NASA Goddard Space Flight Center Reporting  |  SEP 2013 – DEC 2014

Fingerprinting Late Additions to the Earth and Moon via the Study of Highly Siderophile Elements in Lunar Impact Melt Rocks

Project Summary

During this funding cycle we completed work on abundances of highly siderophile elements (HSE) and Os isotopes in Apollo 17 impact melt rocks. The results were woven into a manuscript by UMd Ph.D. student Miriam Sharp. The resulting large database for impact melt rocks from this site is consistent with a dominant signature imparted to rocks from a single major impactor. The inferred composition of this impactor was broadly chondritic with respect to HSE, but characteristically enriched in 187Os/188Os (proxy for long-term Re/Os), Ru/Ir and Pd/Ir, relative to most chondrites that have been analyzed for these elements. The characteristics of the dominant impactor are most similar to chondritic meteorites that are relatively poor in organics and volatiles (e.g., enstatite chondrites), and so the formation of the spatially associated Serenitatis basin was likely not a process that delivered substantial water and/or organics to the lunar crust. These results were published in Sharp et al. (2014).

4 Institutions
3 Teams
1 Publication
0 Field Sites
Field Sites

Project Progress

The combined results of our Apollo 14, 15, 16 and 17 impact melt rocks studies we have conducted (since 2008) can be interpreted as evidence for the involvement of at least three chemical types of impactors. However, the new Apollo 16 data coupled with published data for Apollo 14, 16 and 17 melt rocks, as well as some additional data for lunar breccia meteorites, all fall on a more or less linear trend on plots of HSE/Ir versus 187Os/188Os (Fig. 1a-d). This apparently global (at least near side) trend could reflect multiple contributions from early solar system bodies with bulk chemical compositions that range from observed primitive compositions, to compositions not sampled by primitive meteorites present in our collections. Linear trends like these, however, should not be expected to result from contributions derived from a series of impactors with random chondritic compositions. The trend is more consistent with two component mixing. Consequently, the trend may reflect two component mixing of a carbonaceous chondrite like impactor and an evolved metal component. For this interpretation, the geological relations between the rocks suggest that both components were present in the lunar crust before the later-stage, basin-forming events.

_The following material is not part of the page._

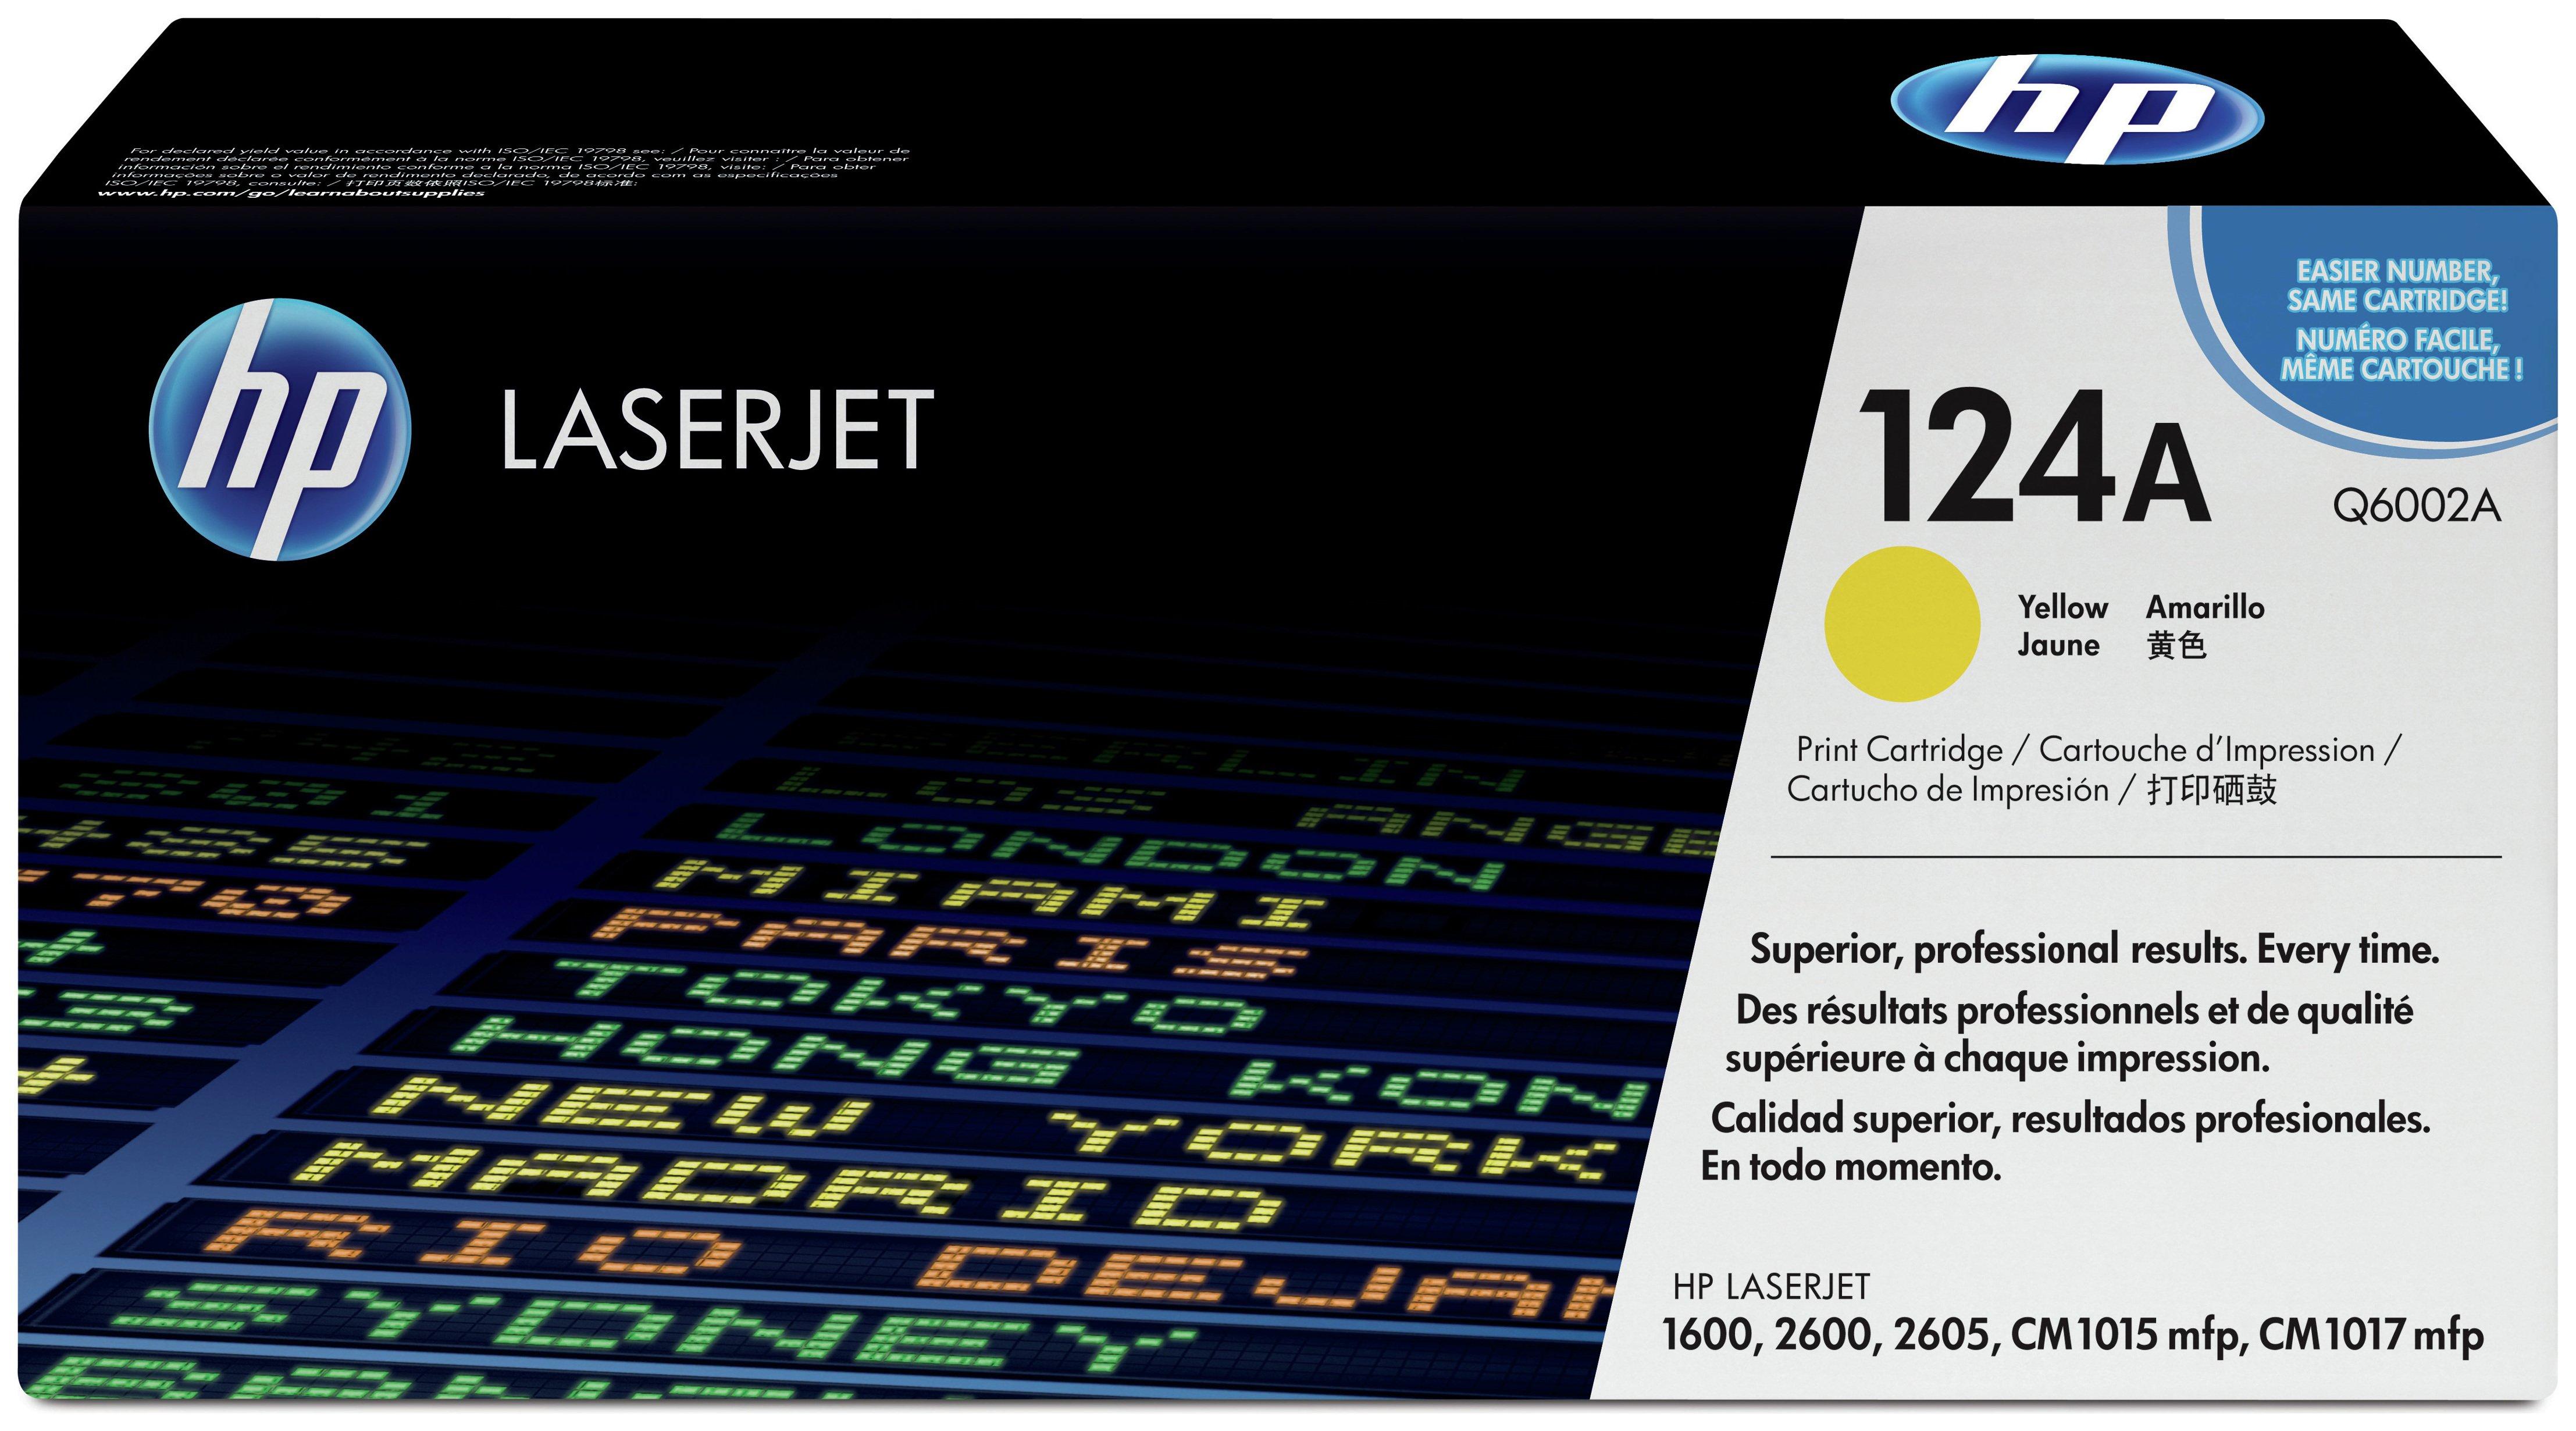 HP - 124A Yellow LaserJet - Toner Cartridge (Q6002A)

Figure 1a-d. Average 187Os/188Os versus regressed or averaged Ru/Ir (a), Pt/Ir (b), Pd/Ir (c), and Os/Ir (d) for the impactor components incorporated in the lunar impact melt rocks ex-amined here and in the literature are compared with ratios in bulk chondritic meteorites. Errors for 187Os/188Os of the impactor component are expressed as 2σmean, while errors for elemental ratios reflect 2σ uncertainties from the regression calculations. Amazingly, the global data define a linear trend, suggestive of a two member component mixing.

A second sub-project, utilizing the isotopic compositions of Ru and Mo isotopes to document the genetics of objects involved in the late heavy bombardment has advanced during the past year. Chemical separation and mass spectrometric techniques have been refined to measure small nucleosynthetic isotopic heterogeneities that are present in early solar system objects and likely transferred to lunar impact melt rocks. Techniques have been refined to a level where we can resolve isotopic anomalies (deviations from terrestrial ratios) of <10 parts per million for both Ru and Mo (two elements characterized by greater than 200 ppm differences for some isotopic ratios among diverse early solar system materials).